Muchas fueron las hazañas que protagonizó este genio de los complementos a lo largo de su vida. Para empezar, experimentó con todo tipo de materiales y esculpió varios tipos de tacón, lo que pronto le hizo destacar en el mundo de la moda. Su idea de las suelas compensadas, sus sandalias de plástico transparentes y sus zapatos joya fueron sólo algunas de las ideas que le encumbraron. Todos los grandes de la moda querían trabajar con él, pero sólo unos pocos (Christian Dior, Yves Saint Laurent y Emanuel Húngaro) lo lograron.
Christian Dior fue el primero en hacerle una oferta profesional. El diseñador decidió incorporar una línea de calzado a su colección de alta costura y le propuso encargarse de ella. Fruto de esta alianza profesional nació, en 1954, una colección de zapatos fastuosa, que supuso el nacimiento del tacón de aguja. Sin duda, uno de los inventos más sexys y sofisticados de todos los tiempos.
El siguiente en solicitar sus servicios fue Yves Saint Laurent. Esta unión también dio sus frutos, pues Vivier incorporó a sus zapatos la mítica hebilla cromada que después se convertiría en el símbolo distintivo e inconfundible que adorna todas las piezas de la casa.
Clientela de lujo
Considerado el padrino del Stiletto, este genio fue capaz de predecir las tendencias de la moda.

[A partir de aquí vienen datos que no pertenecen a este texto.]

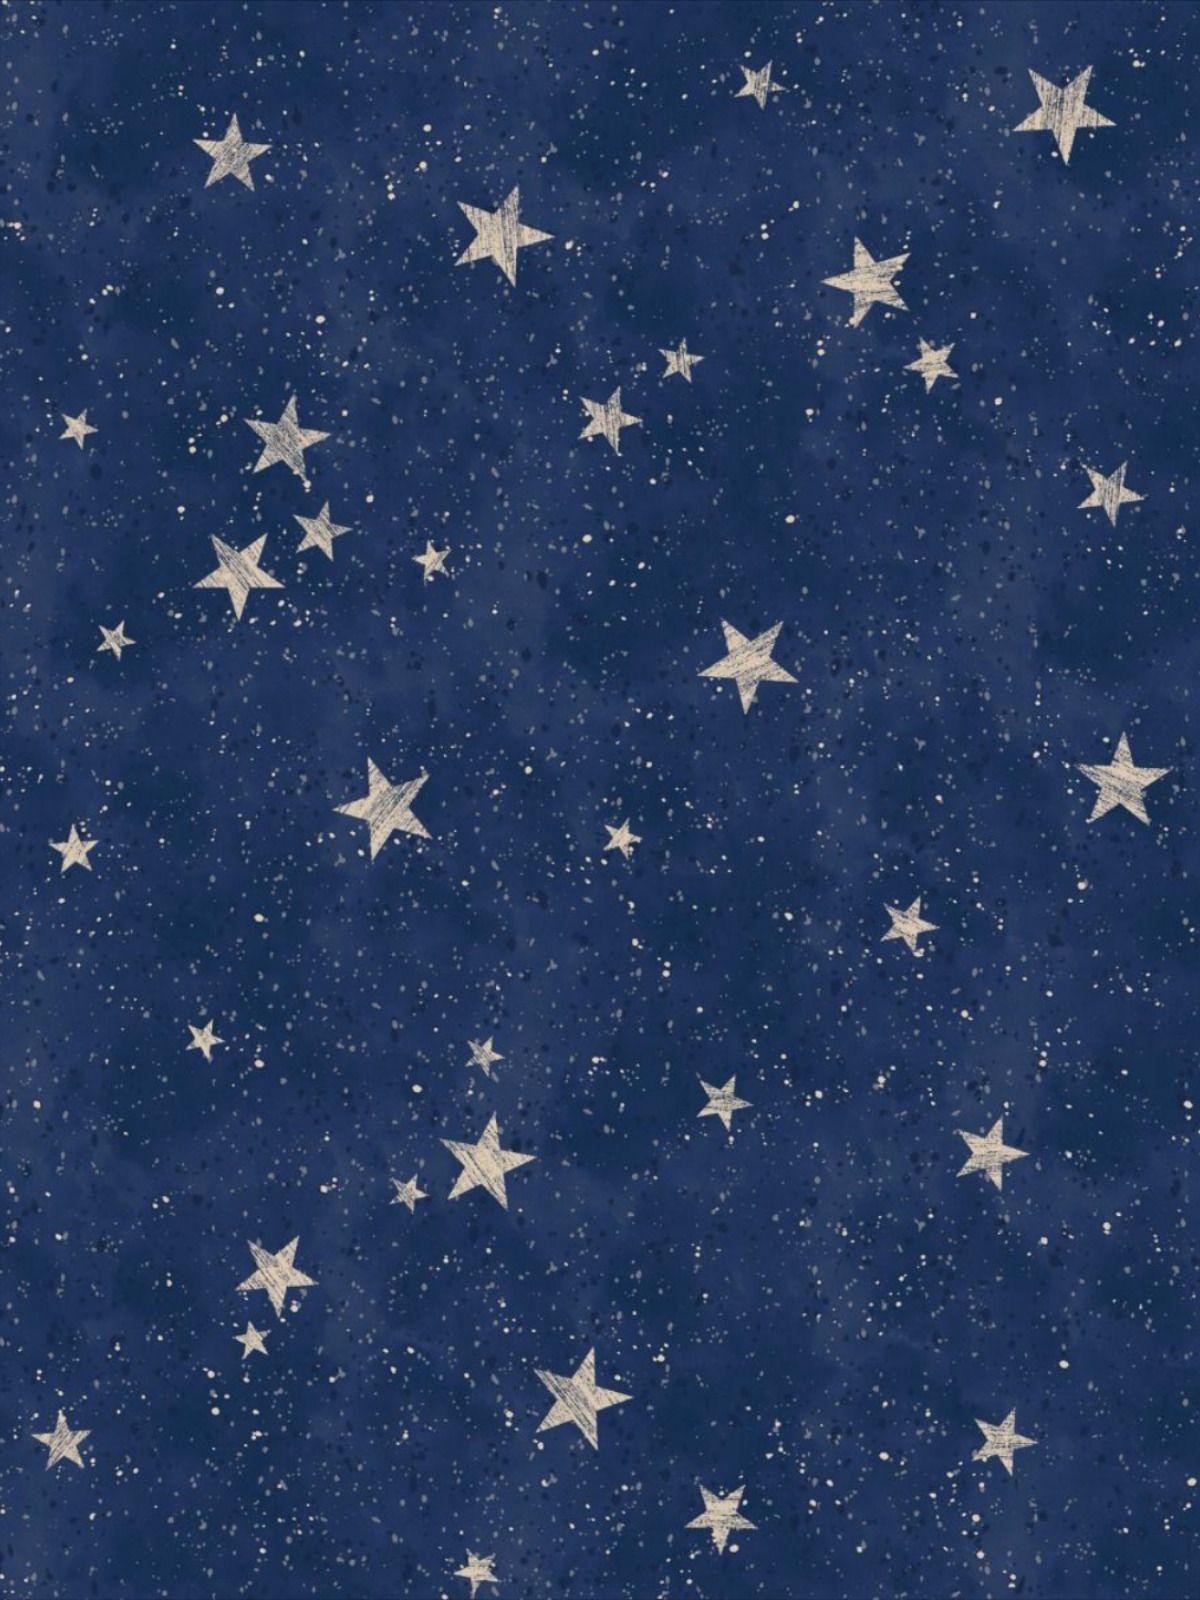 Crown Starlight Stars Wallpaper Navy / Gold M1490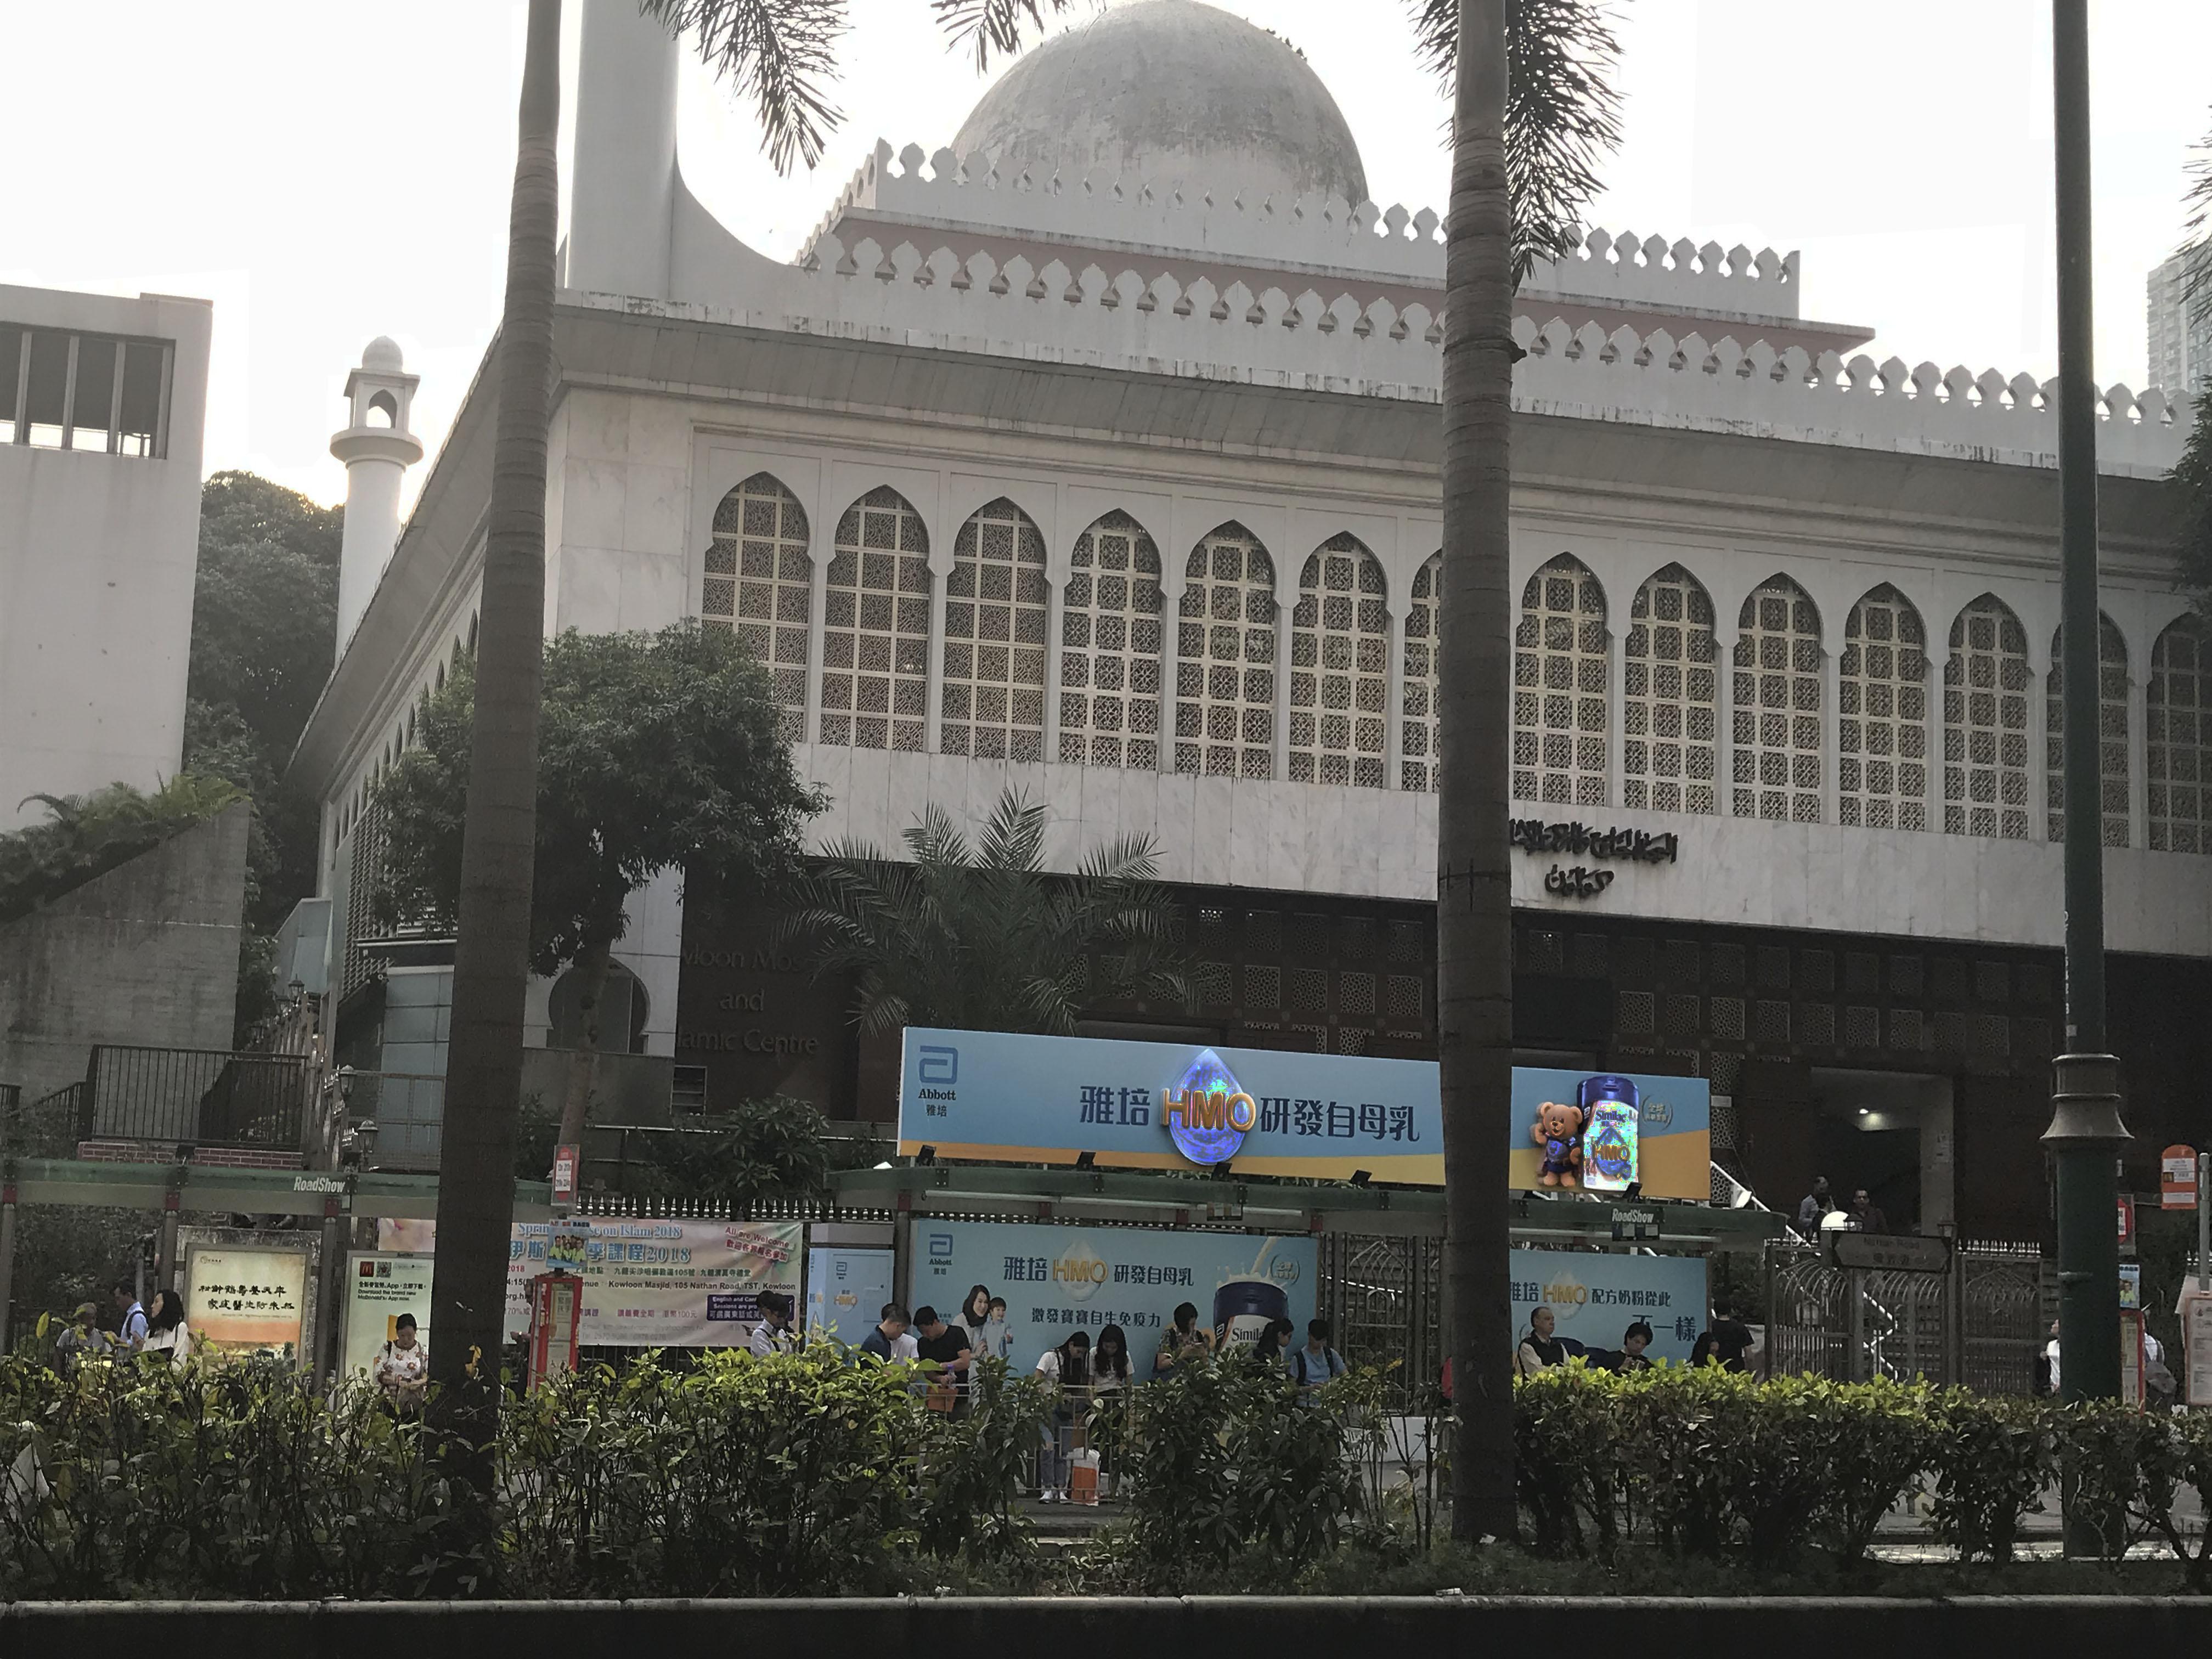 Tsim Sha Tsui Mosque 尖沙咀清真寺

Quizá esa fue la clave de que las mujeres más influyentes e importantes de la época recurrieran a su creatividad cada vez que tenían que calzarse para acudir a un evento importante. Entre sus fieles clientas destacaron, por citar a algunas: la Reina Isabel II de Inglaterra, que lució unas sandalias creadas por él el día de su coronación y se convirtió en una de sus más fieles admiradoras; mi adorada Marlen Dietrich (ya sabéis que siento debilidad por esta actriz); Brigite Bardot; Catherine Deneuve, Liz Taylor…
No sé qué os parecen a vosotras estos zapatos. A mí me hacen soñar. De momento estas piezas no están a mi alcance, pero que queréis que os diga, aspiro a subirme a unos stilettos de Roger Vivier algún día. Seguro que el futuro me tiene preparada esa agradable y sofisticada sorpresa. Ay... me sentiría como una glamourosa estrella de Hollywood...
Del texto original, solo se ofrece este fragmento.